Of the many environmental concerns that the energy industry tries to tamp down and foes seek to illuminate, the biggest is that drilling can damage water quality in rural areas. Property owners worry that gas can seep into the water table, ruining water wells, or that some of the fracking water used at a gas well site -- up to 8 million gallons, or more than 12 Olympic-sized swimming pools -- can likewise end up in rivers and streams. The industry says claims of well water contamination are exaggerated and, in most cases, unfounded because the fracking and gas-capture happen thousands of feet below the water table, and because drilling channels themselves are encased in concrete.

But many rural Texans aren't convinced. In December, two federal lawsuits were filed alleging that drilling and hydraulic fracturing contaminated the property owners' private water wells. The Dallas attorney who filed the suits said in a statement, "We believe that hundreds and more likely thousands of property owners have already had the water beneath their surface essentially ruined as a result of nearby drilling and fracking in the Barnett Shale."

The lawsuits came just a few days after the U.S. Environmental Protection Agency began investigating a case of possible methane contamination near Range Resources wells in a site in Parker County, due west from Fort Worth. It was a procedural shortcut unprecedented in recent memory; typically cases of water contamination would be investigated by state, not federal, officials.

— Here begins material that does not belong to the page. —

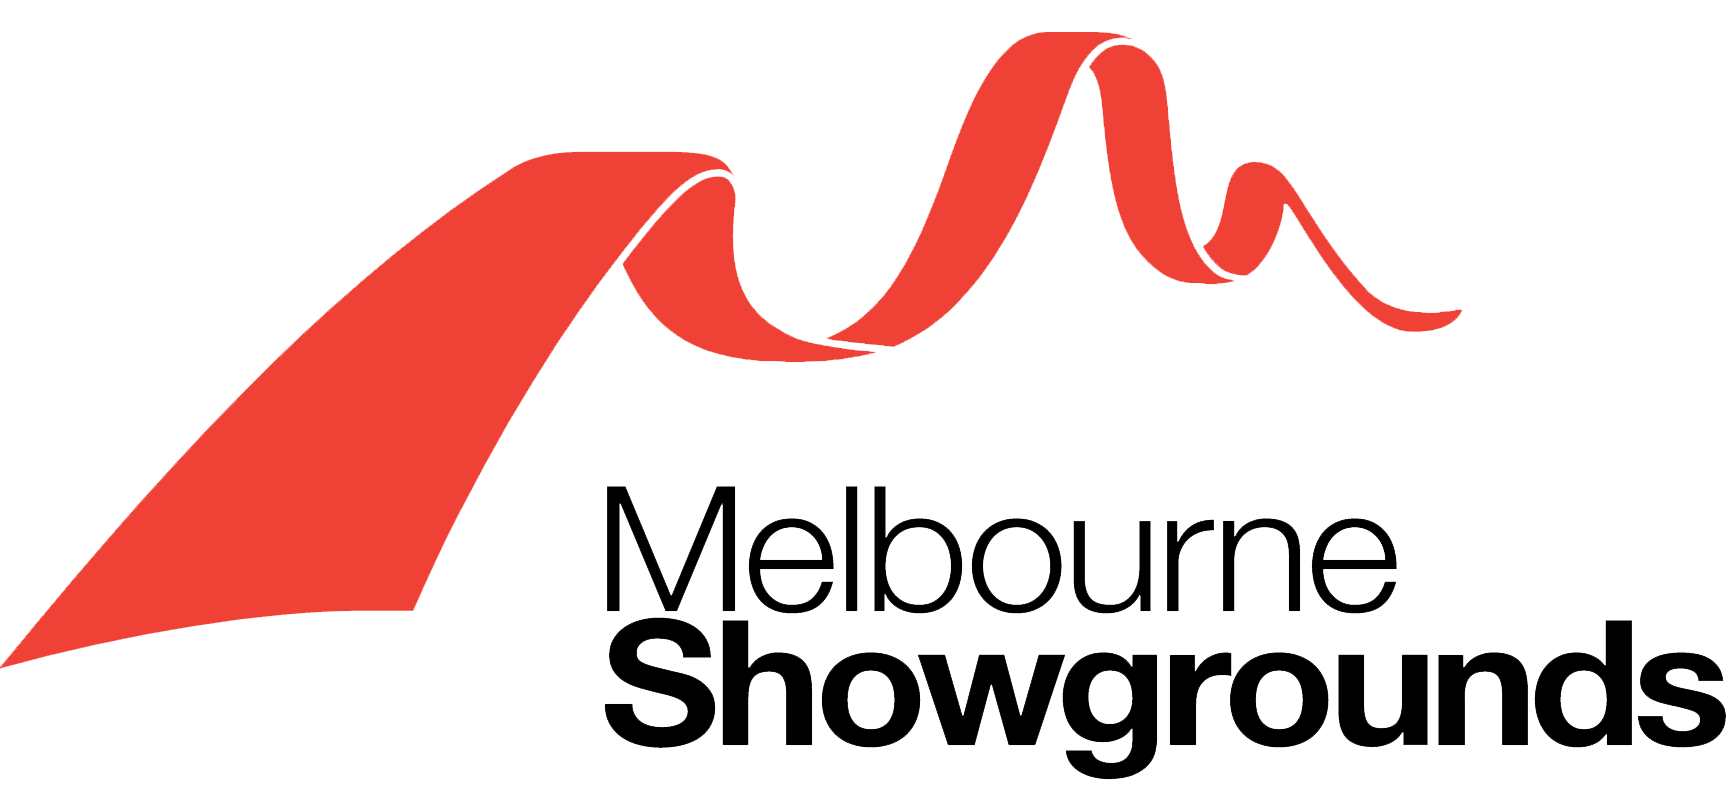 Melbourne Showgrounds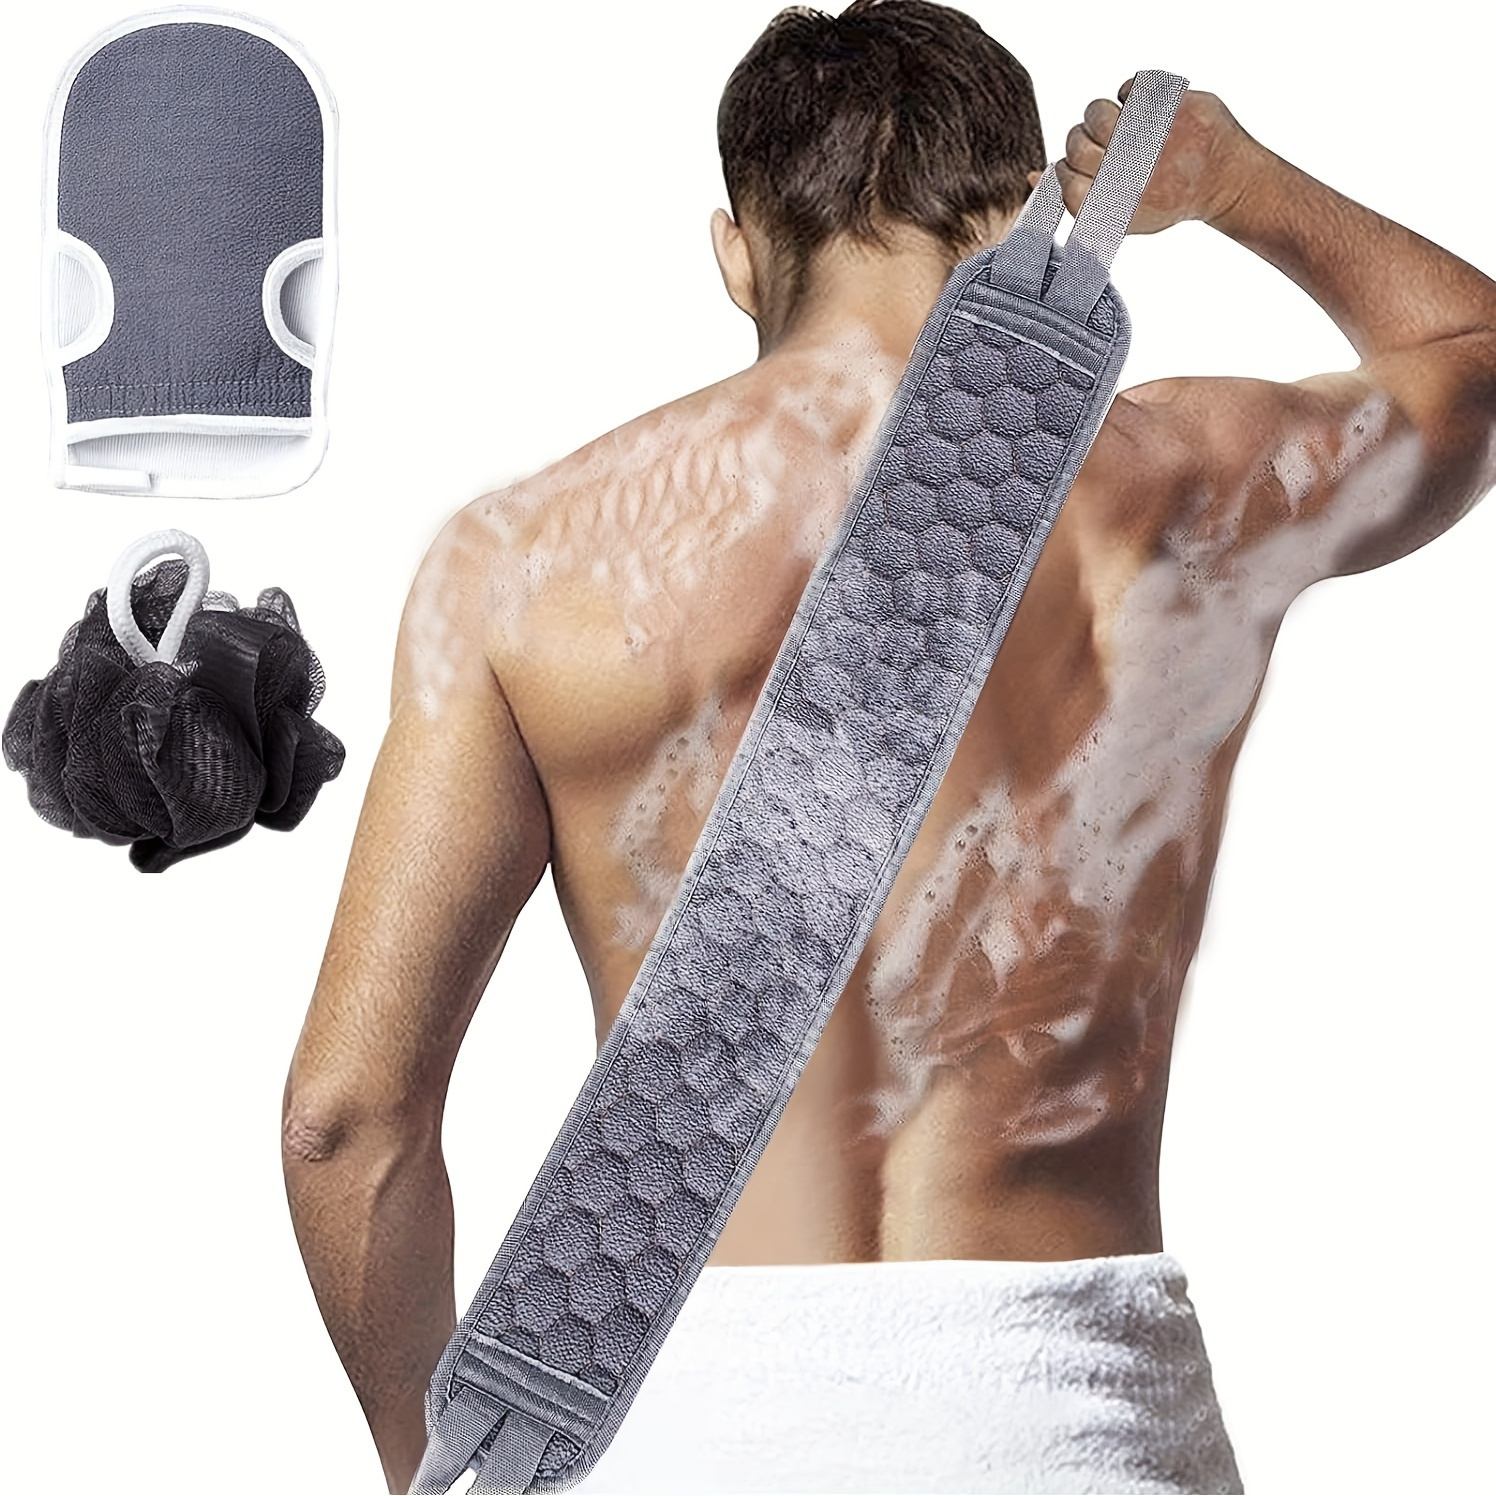 

3pcs/set Exfoliating Body Scrubber Set - Back Scrubber, Bath Glove, Shower Sponge Loofah - Deep Clean, Revitalize Skin

But Range says the contamination didn't come from its deep Barnett Shale wells; instead the methane came from wells drilled three decades ago into a much shallower rock formation.

"From Range's perspective, when [an EPA official] got on TV and said there were people out there whose homes were in danger of blowing up, he either was willfully ignorant of the facts or he lied," David Poole, Range's general counsel, said to Fort Worth's Star-Telegram.

Last week, Range Resources announced a deal to sell all of its gas-producing properties in the Barnett Shale for $900 million to an undisclosed private company, allowing it to focus on the Marcellus Shale and other northeastern gas plays.

Of all the megabytes of evidence that Mrs. Ruggiero stores on her home computer, the most visually dramatic is the infrared video of a vapor cloud, originating from a tank on her property, venting across her yard, illuminated by the headlights of an idle 18-wheeler and filling the North Texas air with plumes invisible to the naked eye.

Air samples taken the night that video was shot showed elevated levels of isobutane, and also benzene, a carcinogen. The air, she said, smelled like propane.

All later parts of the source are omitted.